Our protein intake must be sufficient not just to prevent deficiency in cellular replacement but to optimize protein synthesis, the body’s process of generating and repairing tissues. In other words, when you need new insulin to be produced,  genetic instructions  detail the type and quantity of amino acids that need to be copied and the order they must be connected. This happens for the creation of every single insulin molecule in every single cell that is programmed to do this task! Imagine how many times the DNA must unravel each day to make just insulin by one cell! There are all kinds of other proteins to create as well, and for each protein that is made, the DNA must unravel, the section must be copied, and the selected protein must be created from scratch in every single cell in our body. Protein synthesis is the most energy demanding process in the body.

It follows that to start protein synthesis, everything must be in order for the process, and signals must arrive to start synthesizing. The signaling molecule is the amino acid leucine. Leucine is a “branch chain amino acid”, which refers to the unique chemical structure of 3 amino acids (leucine, isoleucine, and valine), where the side chains have a branching shape. In specific, muscle protein synthesis requires a minimum amount of leucine being present together with all other amino acids, fat and glucose. The actual protein synthesis steps are too advanced for this article, but if you are interested, read about it here.

For the protein synthesis to occur, the protein consumed must deliver a minimum amount of leucine per meal—this is known as the leucine threshold per bolus meal. For younger athletes of age 20-35, ~3 grams of leucine per meal is needed to trigger protein synthesis. This requirement increases with age (and for persons who have had reduced physical activity) to ~4 grams for middle-aged folks (36–45) and ~4.5 grams or more for people over 55. These leucine suggestions are based on my own experience and not on published clinical research.

Muscle protein synthesis becomes less responsive to leucine as people age, a phenomenon known as anabolic resistance. Older muscles require higher leucine concentrations to achieve the same stimulation as younger muscles (read some articles here, here, and here).
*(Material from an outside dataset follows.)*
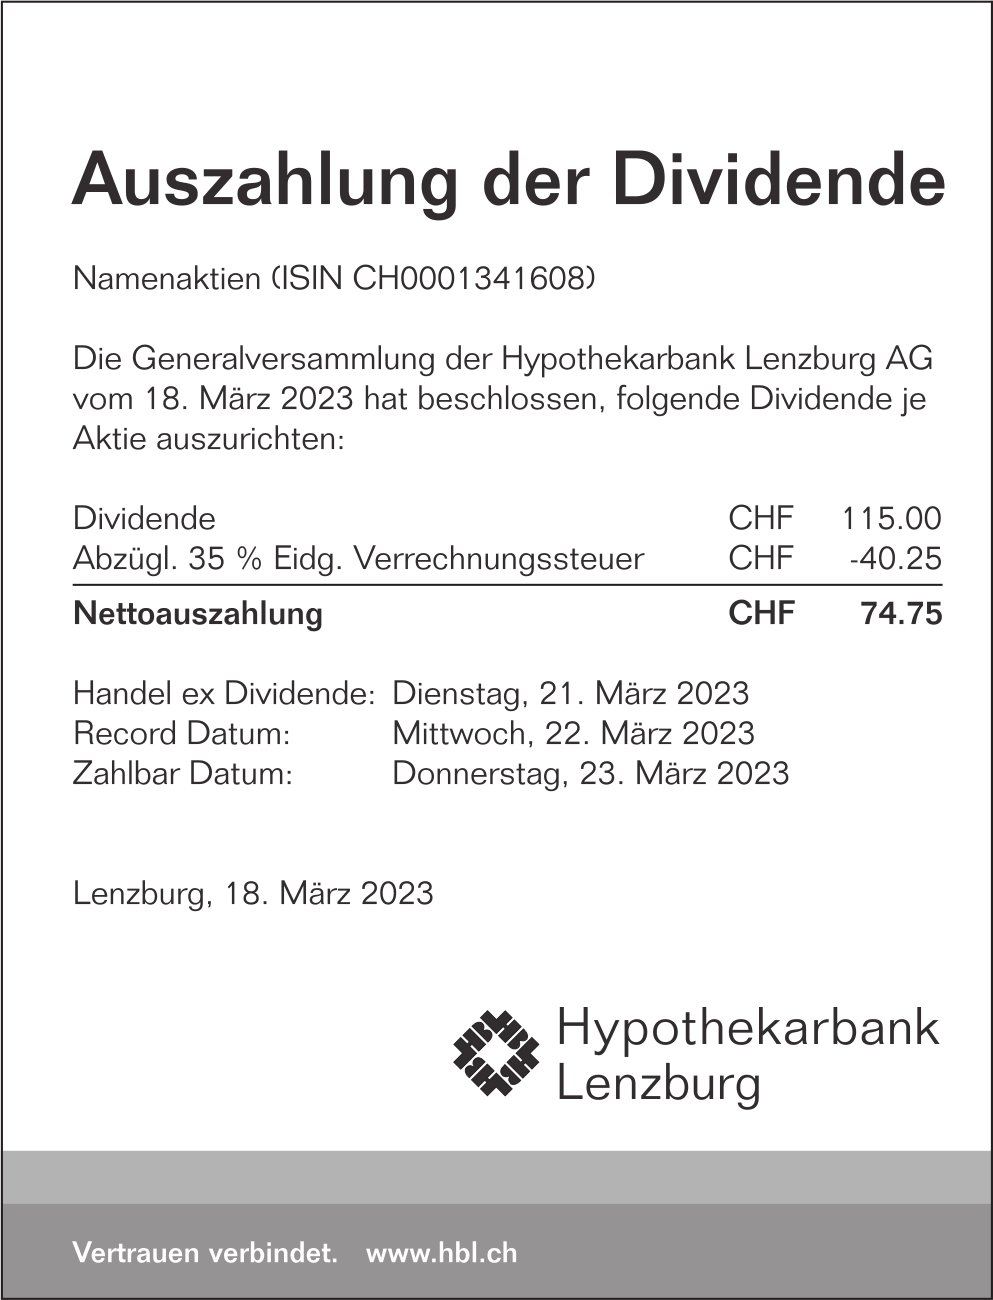 Hypothekarbank Lenzburg, Auszahlung der Dividende
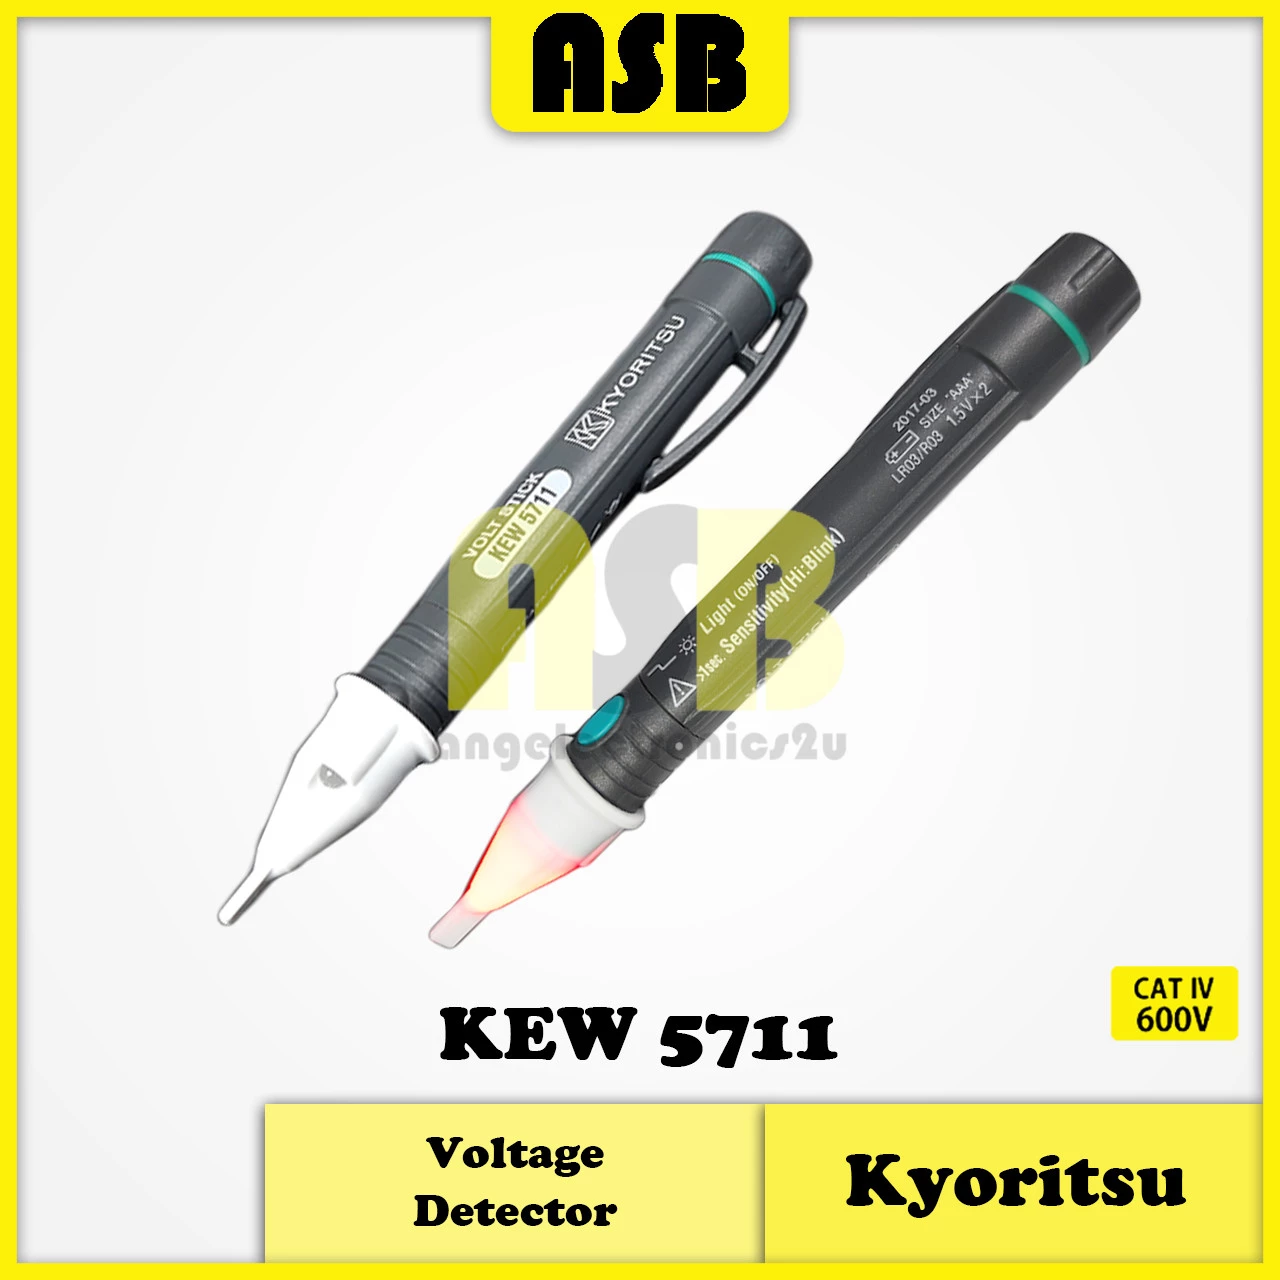 Kyoritsu 5711 Voltage Detector (362007040)

The reduced leucine sensitivity is linked to impaired activation of the mTORC1 pathway, which is crucial for protein synthesis, and may be influenced by factors like decreased nutrient delivery and age-related changes in muscle signaling.

These minimum thresholds apply per meal, not per day, and cannot be compensated for by small leucine intakes spread across multiple meals. This makes bolus protein intake amount crucial—and it’s why many experts now recommend at the minimum 1 gram of protein per pound of body weight per meal, and even more in older adults or those aiming to build new muscle cells, as well as replace old ones.

Plant Protein vs Animal Protein

If the protein source is primarily plant-based, the protein target increases. Plant proteins typically have 50% lower bioavailability than animal proteins due to antinutrients, lower digestibility, and incomplete amino acid profiles. The table below demonstrates that, for example, eating black beans, long considered a high protein legume, while it provides 8.9 gr protein per 100gr cooked beans consumed, of the 8.9 gr protein only 4.36 gr can be actually absorbed by humans. The only plant-based protein that has high bioavailability is soy protein isolate, and that is because as an isolate, all of its “plantness” disappeared. Just to compare, even the bioavailable 80 gr per 100 gr soy protein isolate is still below the bioavailable 90 gr per 100 gr whey protein powder isolate, the most commonly used “quick fix” for athletes and people who work out.

Image created by Angela A Stanton using data with AI assistance.

Even when plant and animal foods are eaten together, plant compounds impair the absorption of amino acids from both plant and animal sources, diminishing the overall anabolic signal. Phytate and tannins are the most notable plant compounds that can reduce the bioavailability of minerals and proteins in both plant and co-intake animal sources.

Phytate: Binds minerals like iron, zinc, and calcium, reducing their absorption from both plant and animal sources. Phytate can also form complexes with proteins, decreasing protein digestibility and nutrient utilization (see here and here).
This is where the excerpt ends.